Da Grécia à Espanha
A crise se espalha
por MIKE WHITNEY, no Counterpunch, em 19.06.2012
“A economia grega está verdadeiramente quebrada. Os circuitos do crédito estão tão profundamente danificados que mesmo as empresas eficientes e lucrativas ficaram trancadas para fora do mercado de capitais… Enquanto isso, os novos cortes de gastos…. darão às forças da recessão novo impulso. Para encurtar uma longa história, não há dúvida de que isso vai simplesmente prolongar a morte agonizante da economia social grega”.
– Yanis Varoufakis, economista, Universidade de Atenas
O eleitorado grego mudou o capitão do Titanic, mas o navio ainda está afundando. Que diferença fizeram as eleições? Nenhuma.
O desemprego continua a crescer, os déficits continuam a se expandir e a economia está em frangalhos.
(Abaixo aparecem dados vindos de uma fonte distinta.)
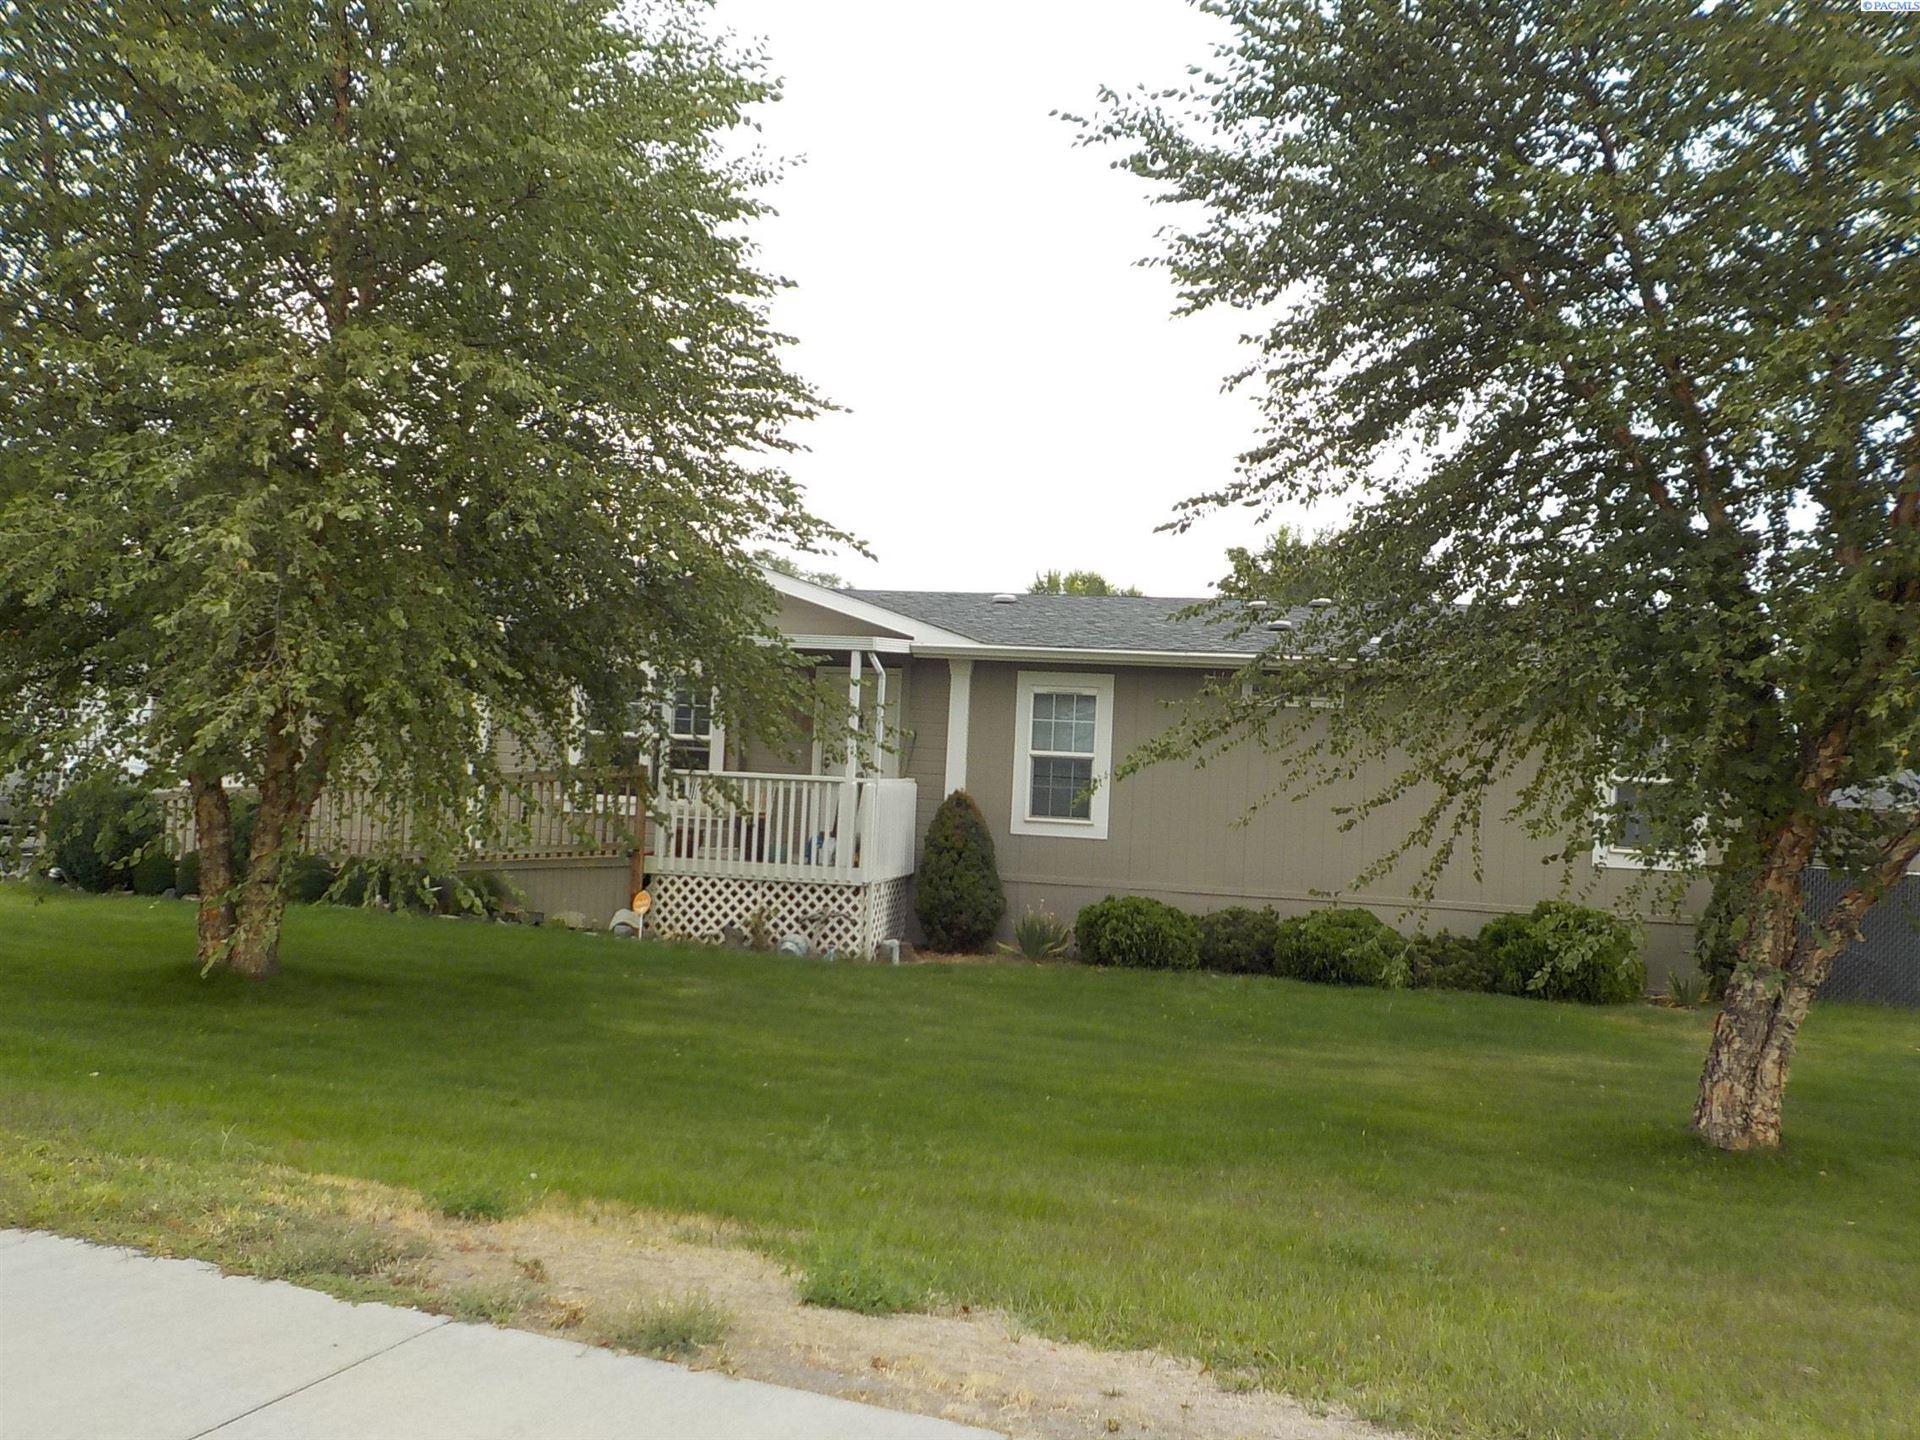 Photo of 5616 Deer Street, West Richland, WA 99353 (MLS # 256644)

Tudo está fundamentalmente igual, com uma exceção, o vencedor (Antonis Samaras, da Nova Democracia) continua firmemente comprometido em manter o curso e cumprir os termos dos resgates, enquanto o perdedor (Alexis Tsipras, do Syriza), rejeita as medidas de austeridade definidas pelo Memorando de Entendimento e promete renegociar o acordo com a troika (a Comissão Europeia, o FMI e o Banco Central Europeu).
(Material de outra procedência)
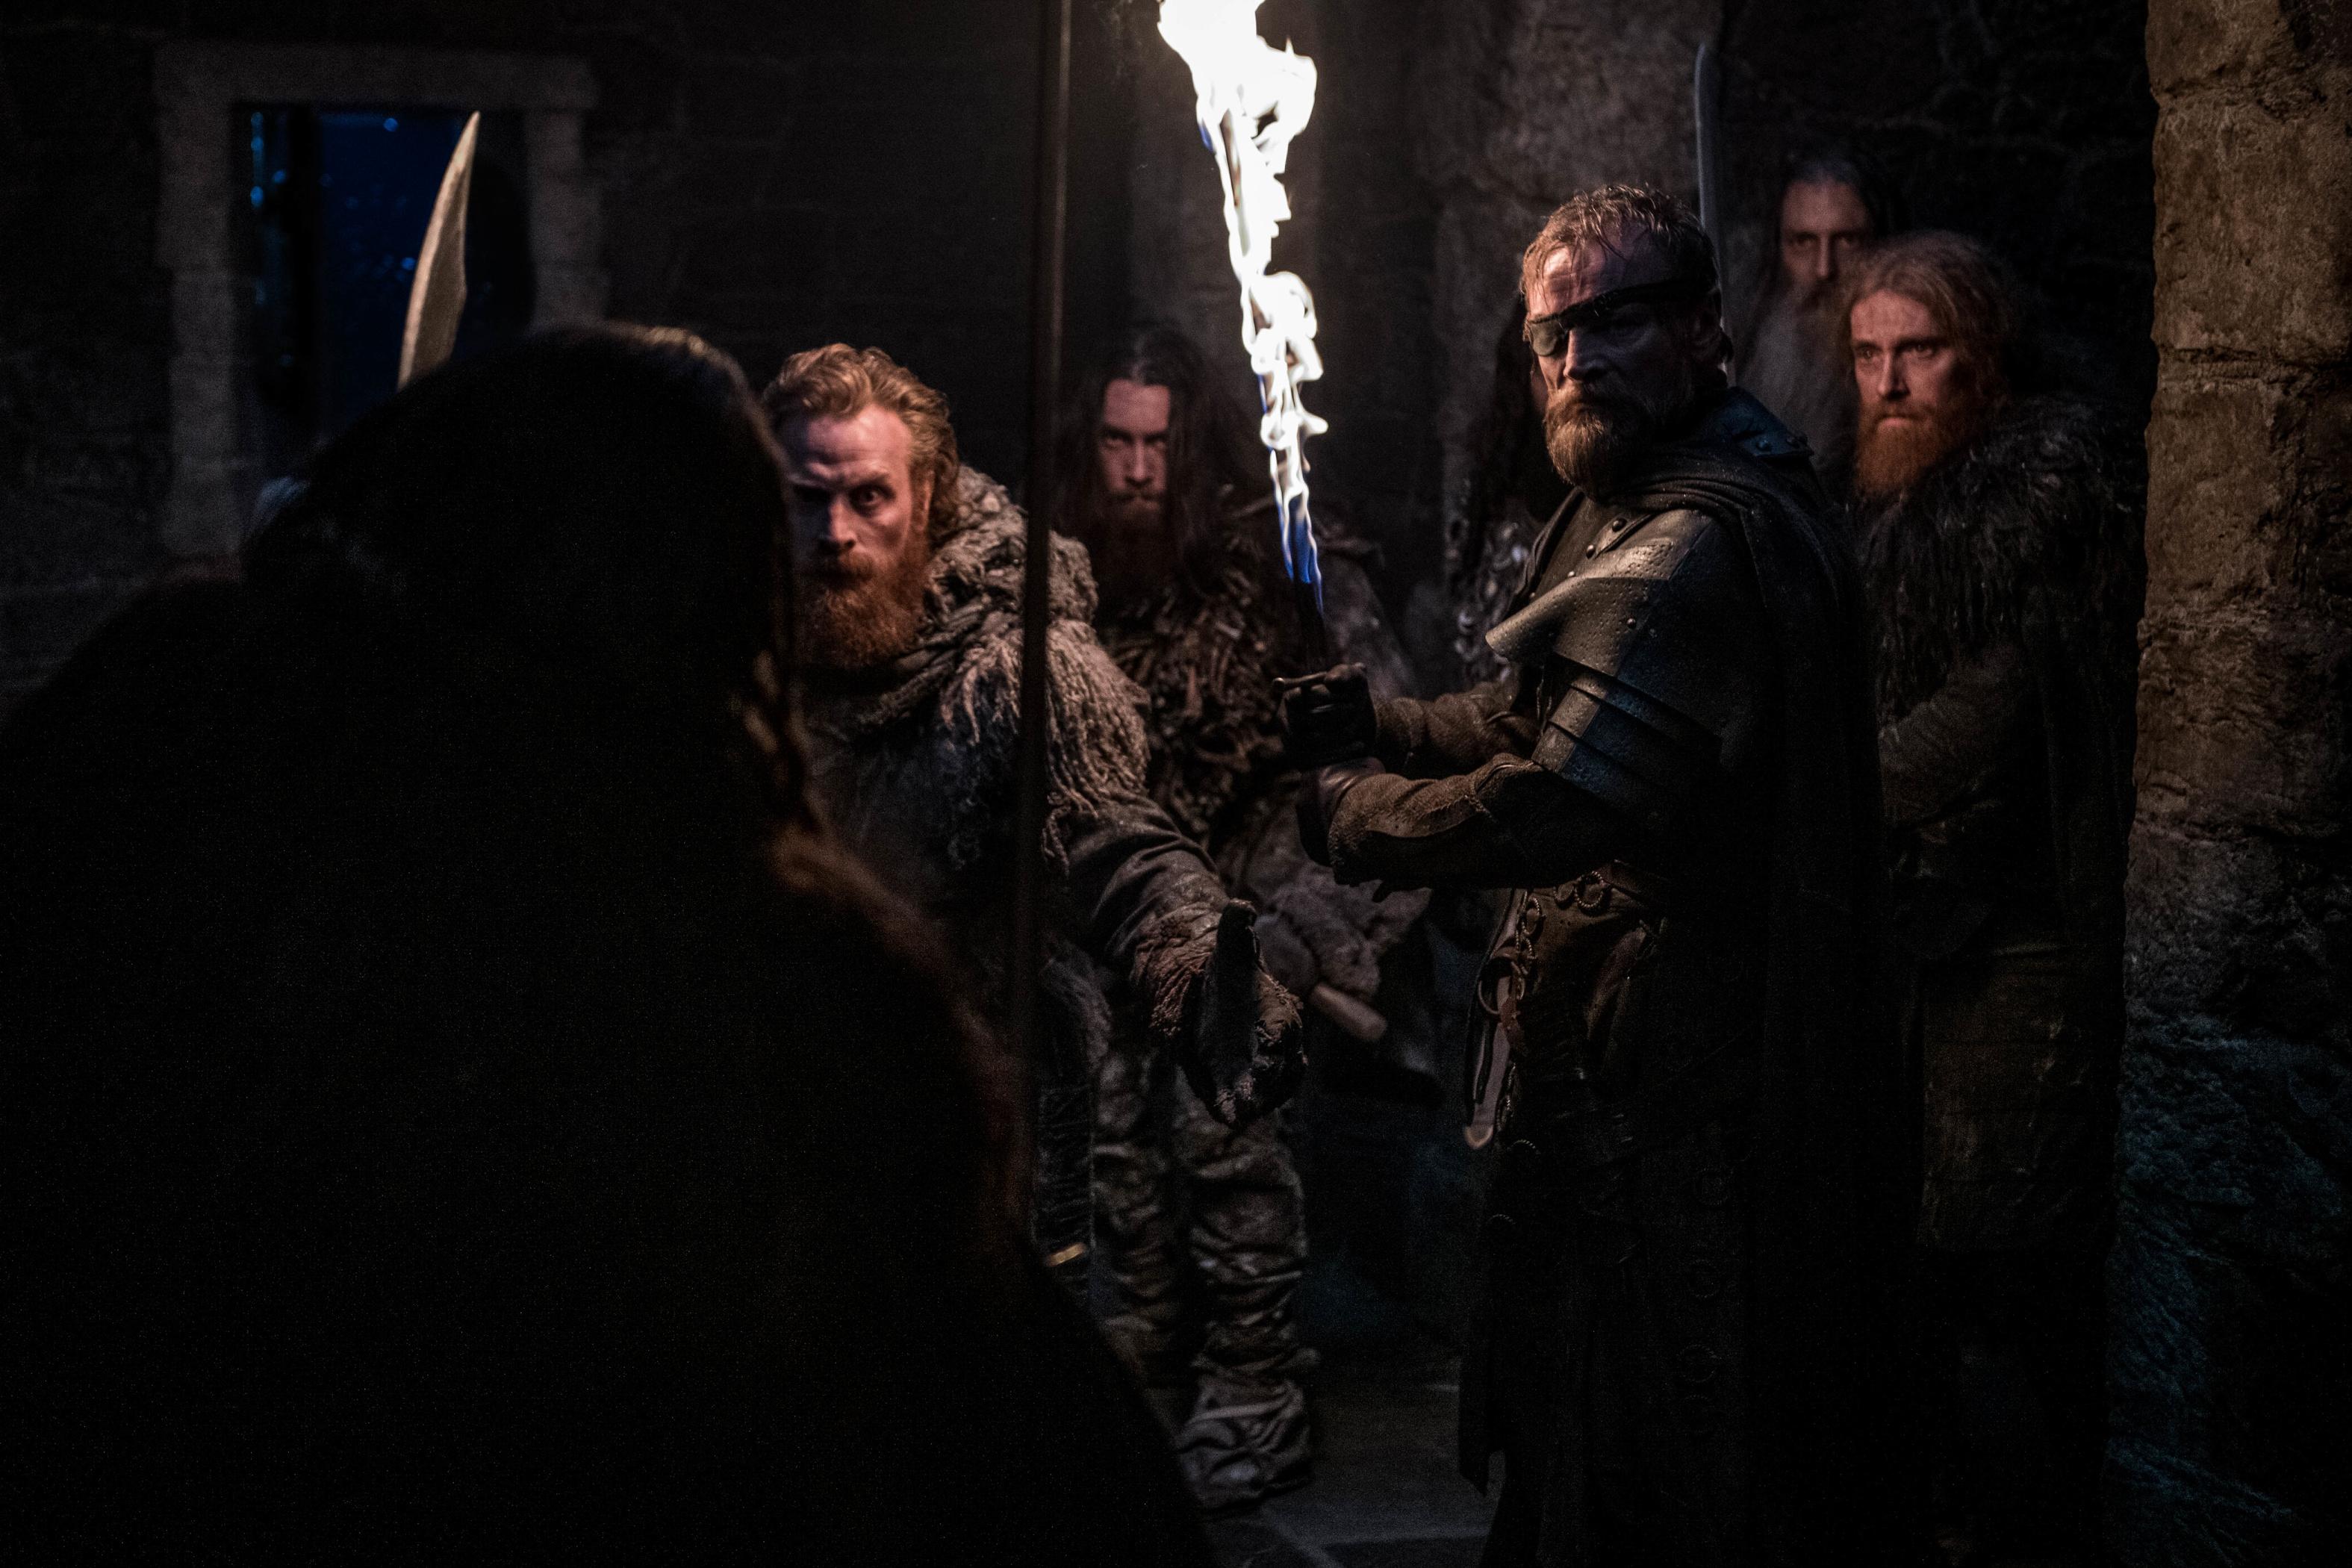 8x01 ~ Winterfell ~ Tormund and Beric

A vitória de Samaras por pequena margem significa que a Grécia vai receber mais ajuda financeira (empréstimos em prestações), mas terá de implementar outra onda de cortes selvagens dos gastos sociais, desta vez no valor de U$ 11,5 bilhões. Estes cortes vão inibir ainda mais o crescimento, o que vai diminuir a arrecadação, levando a déficits ainda maiores. Quando o governo for incapaz de atingir o alvo de redução dos déficits (como todos esperam), os políticos da União Europeia vão suspender o resgate e a crise vai ser novamente deflagrada. É um círculo vicioso que só pode terminar com a Grécia deixando a zona do euro e retomando o drachma.
Assim, o que acontece em seguida?
Os líderes da Nova Democracia vão tentar juntar um governo de coalizão com outros partidos pró-austeridade (como o PASOK) enquanto tentam obter concessões magras para estender os empréstimos existentes e reduzir a taxa de juros de outros.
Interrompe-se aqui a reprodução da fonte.